Campaign focuses on importance of Sunday school

Feb. 17, 2005     

A UMNS Report
By Kathy L. Gilbert*

After the tragedy and terror of 9/11, a little girl in New Jersey found comfort in her Sunday school class because someone taught her, “Jesus loves you and everything will be all right.”

If you tell Harriett Olson, an executive with the United Methodist Publishing House, that Sunday school is “dead,” she will tell you the story about that little girl or one of the many other accounts she has collected in the past year since the launch of  “Sunday School: It’s For Life.”

The joint campaign of the United Methodist Publishing House and United Methodist Board of Discipleship encourages congregations to see Sunday school as a tool to educate people for faithful living and nurture them on their spiritual journey. “Sunday School: It’s for Life” was introduced at the 2004 General Conference.

Olson and Carol Krau, an executive with the Board of Discipleship, have been attending conferences and gatherings since last May promoting the campaign.

“Sunday school means being in a life-giving relationship with God,” Krau says. “You find abundance in Sunday school. The world is based on never having enough, always feeling limited, but with God there is more than enough.”

On any average Sunday, about 1.6 million people are in Sunday school, Olson says. She describes the campaign as a grass-roots movement to reclaim Sunday school for the power it has.

“Connecting to real life doesn’t necessarily happen when you sit down together, but it won’t happen if you don’t sit down together,” she says.

Sunday school helps people “connect their story with God’s,” Krau says. “It is important to be in a setting where you can have relationships with others.”

Both Olson and Krau admit that Sunday school works well in some places but not others.

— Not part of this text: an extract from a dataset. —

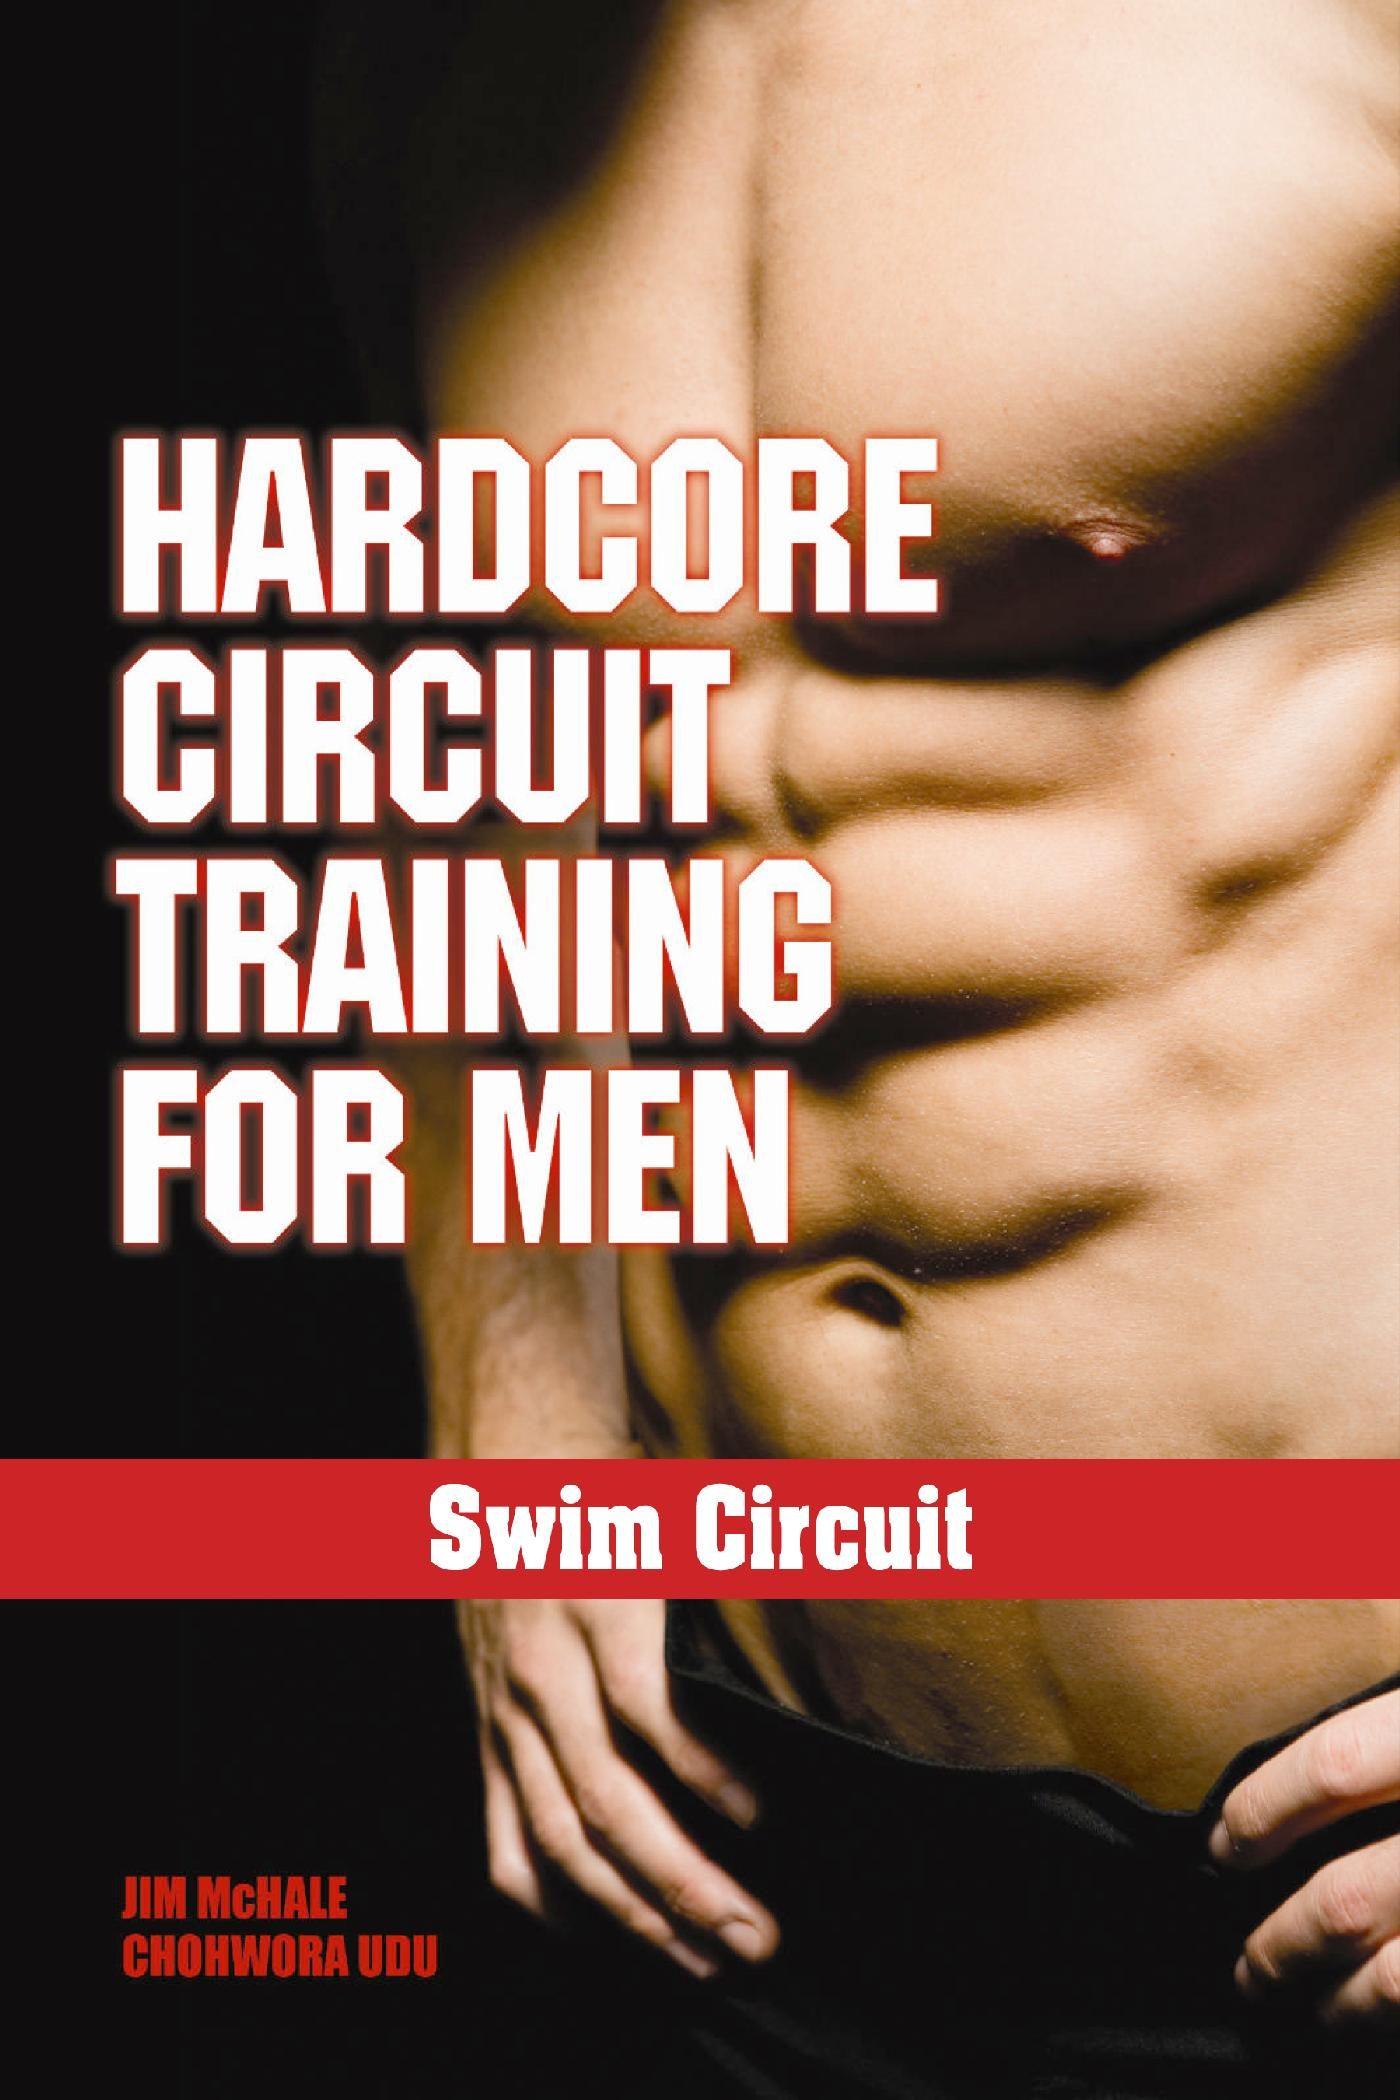 Hardcore Circuit Training For Men   por Chohwora Udu, James H. Mchale epub

Olson cites reasons for Sunday school attendance declining:
• Quality is not consistent from place to place.
• Teachers need help.
• Congregations need more teachers.
• Plans for learning may be haphazard.
• Participants might not make the connection to their daily lives.

“Sunday school won’t maintain itself,” Olson says. “There must be a connection between faith and daily life.

“Wonderful things happen in Sunday school,” she says. “Children hear the love of God; youth ask questions and build relationships with God and each other; adults build relationships and learn to hear God’s call and learn to love God in their daily lives.”

“I don’t know how you know the Bible if you don’t go to Sunday school,” says Mary Lou Pitzer, a member of St. Matthias United Methodist Church in Fredricksburg, Va. She hasn’t missed Sunday school in 51 years.

“In Sunday school you meet people, hear about their families, hear the prayer chains and concerns about the community,” she says. “You just feel a part of God’s work.”

*Gilbert is a United Methodist News Service news writer based in Nashville, Tenn.